29 V 1874r. - W Dębicy urodził się Leopold Michał Kobosowicz s. Józefa i Stanisławy z Pomianowskich, brat Eugenii. 1874 - IV 1879 Józef Kobosowicz zostaje kierownikiem Czteroklasowej Etatowej Szkoły Męskiej w Debicy.

Wpis na stronie Gimnazjum wzbudził we mnie zainteresowanie nie tylko z powodu nauczycielskiej profesji, ale i rodzinnych powiązań ze słynnym kompozytorem Krzysztofem Pendereckim. W/g tego wpisu, Józef Kobosiewicz to pradziadek urodzonego 23 listopada 1933 roku w Dębicy, Krzysztofa Pendereckiego.

wpis ze strony Miejskiego Gimnazjum nr. 1 im. Adama Mickiewicza w Dębicy.

(..) W połowie XIX wieku w ramach szkoły uruchomiono tzw. szkołę niedzielną, gdzie prowadzono zajęcia w dwóch językach: polskim i niemieckim. Związane to było z działalnością Józefa Mischke, który był ich kierownikiem. Ilość uczniów w szkole zwiększała się, co doprowadziło do przekształcenia szkoły w Czteroklasową Etatową Szkołę Męską, której kierownikiem został Józef Kobosowicz, pradziadek Krzysztofa Pendereckiego. Była to postępowa szkoła o czym świadczy fakt, że od 1880 roku stała się Szkołą Mieszaną, ponieważ do nauki dopuszczono także dziewczęta. Z czasem szkoła przekształciła się w dwie pięcioklasowe szkoły: Męską i Żeńską (..)

(..) Zajęcia wznowiono w roku 1916, kiedy już wojenna nawałnica oddaliła się od Dębicy na wschód. Pod koniec lat 20-tych ubiegłego stulecia, kiedy kierownikiem był Robert Berger, dziadek Krzysztofa Pendereckiego, szkoła przekształciła się w Publiczna 7-klasową Szkołę Męską [międzyczasie postała osobna szkoła dla dziewcząt]. Jak widać stan nauczycielski dominował w rodzinie przyszłego wielkiego kompozytora. (...)


Rok 1879 jest ostatnim rokiem pracy w dębickiej szkole, zapis o nowym jej kierowniku z historii szkoły poniżej. Ślad Józefa Kobosowicza urywa się na cztery lata.

(...) W roku 1879 Rada Szkolna Miejscowa, powołała na kierownika szkoły Feliksa Gajewskiego.
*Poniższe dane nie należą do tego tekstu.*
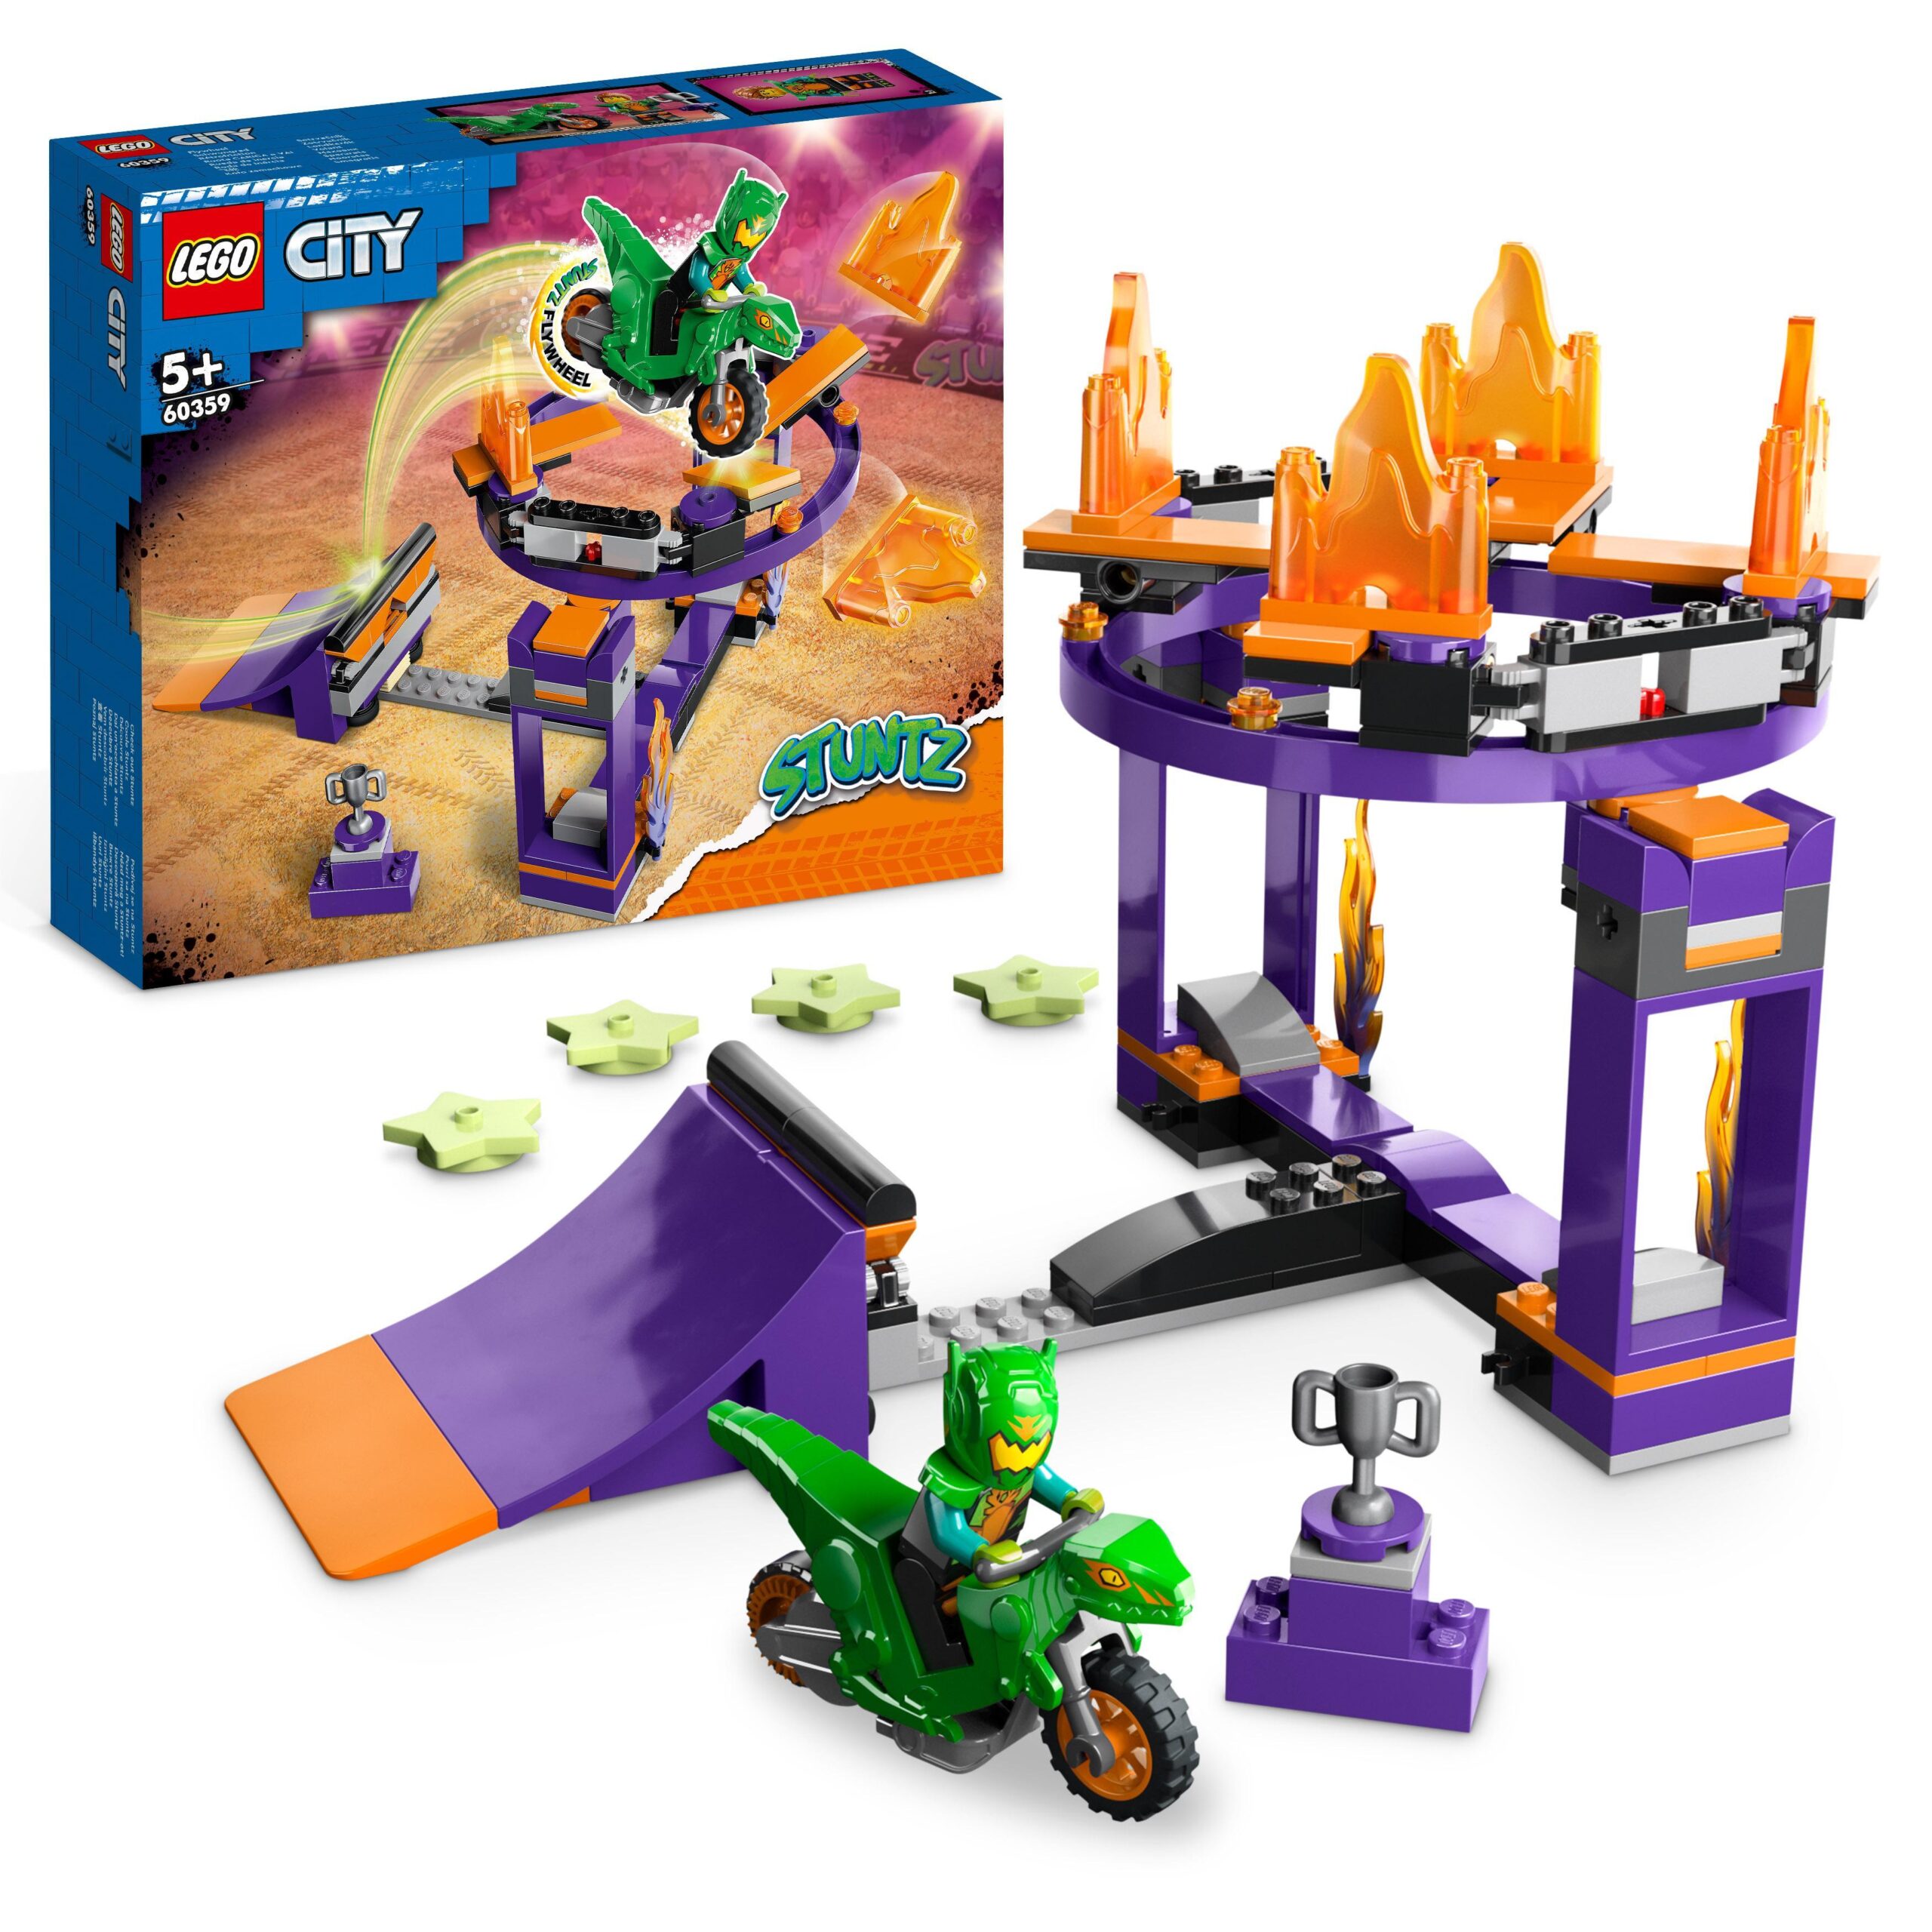 Lego city stuntz 60359 sfida acrobatica: schiacciata sulla rampa, set 2 in 1 con moto giocattolo dinosauro carica e vai - LEGO CITY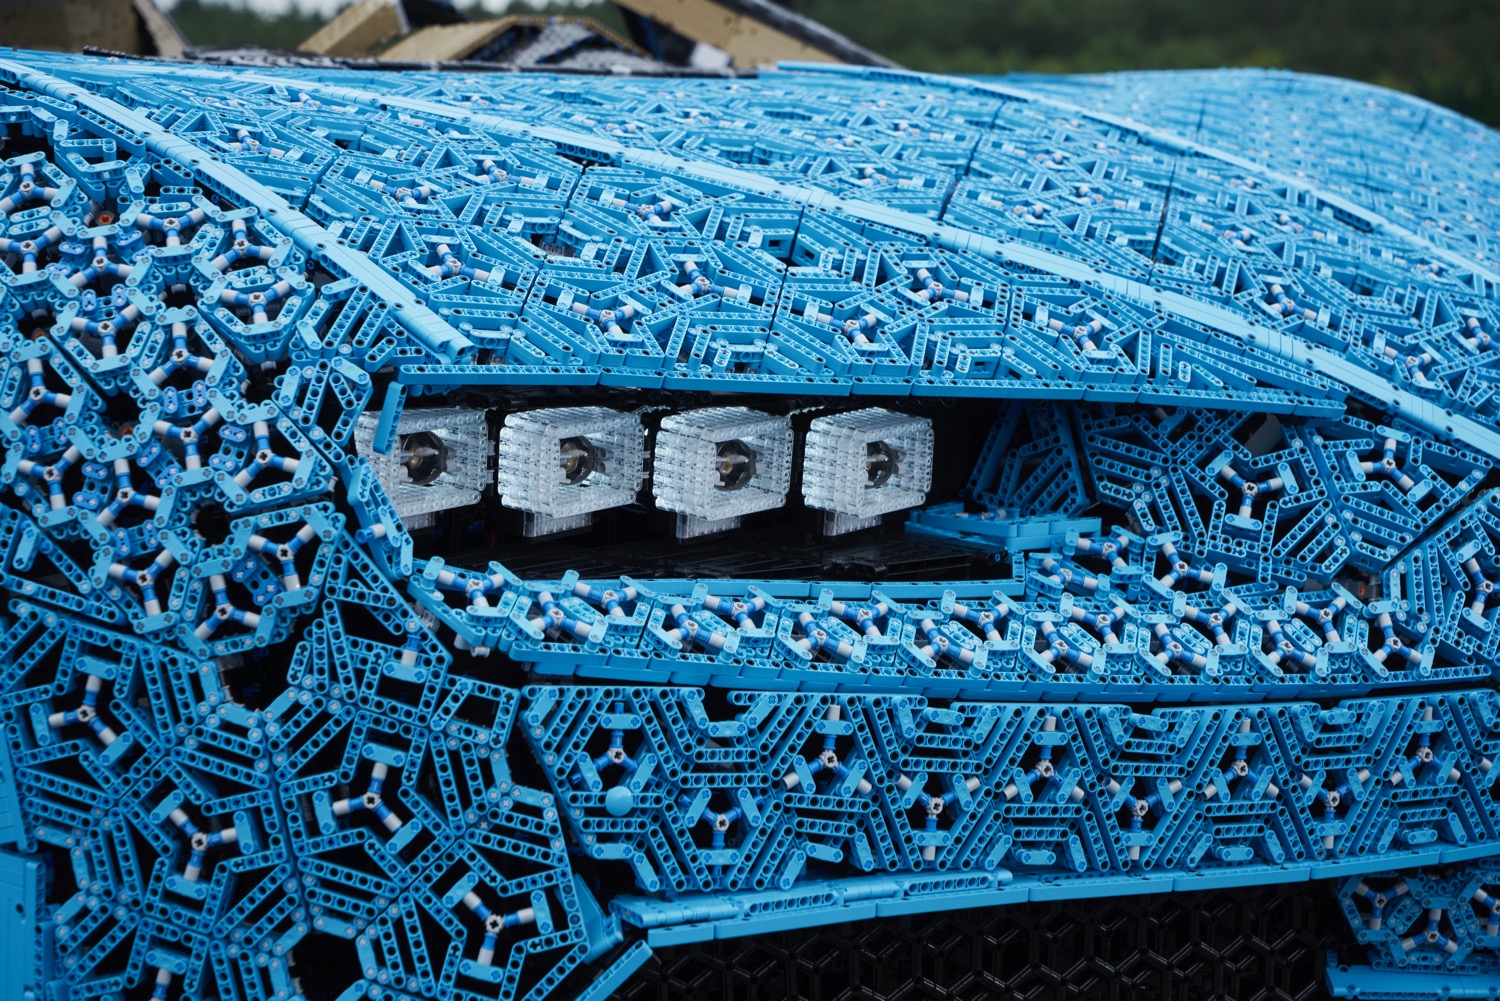 Life-size Lego Bugatti Chiron

Kierował szkołą do końca istnienia Galicji.(...)

powiększ zdjęcie

Szemantyzm - 1874

powiększ zdjęcie

Szemantyzm - 1876


Powrócę jeszcze do koligacji rodzinnych Józefa Kobosowicza, z Krzysztofem Pendereckim. Nie wiem na jakich przesłankach kierował się autor, ale nijak mi to nie pasuje. Jednym z pradziadków Krzysztofa Pendereckiego, którego ustalić jest bardzo łatwo, był Józef Berger osiadły w Dębicy Niemiec. Miał on wspomnianego powyżej, syna Roberta, kierownika szkoły w latach 20tych, a ten ożenił się z kolei z Eugenią Pomianowską, ormianką z pochodzenia. Jednym z ich ośmiorga dzieci była córka Zofia, która wyszła za mąż za Tadeusza Pendereckiego, ojca Krzysztofa. Jedynym wyjaśnieniem może być to, że Józef Kobosowicz miał córkę, która wyszła za mąż za jakiegoś Ormianina Pomianowskiego a ich z kolei córka mogła by być ową Eugenią Pomianowską, babcią Krzysztofa Pendereckiego. Wtedy układanka by pasowała czyniąc Józefa Kobosowicza nie pra, a pra pra dziadkiem. Też ładne pokrewieństwo. Oczywiście te moje rozważania proszę nie brać za pewnik, nigdzie indziej nie spotkałem się ze wzmianką o pokrewieństwie tych dwóch panów.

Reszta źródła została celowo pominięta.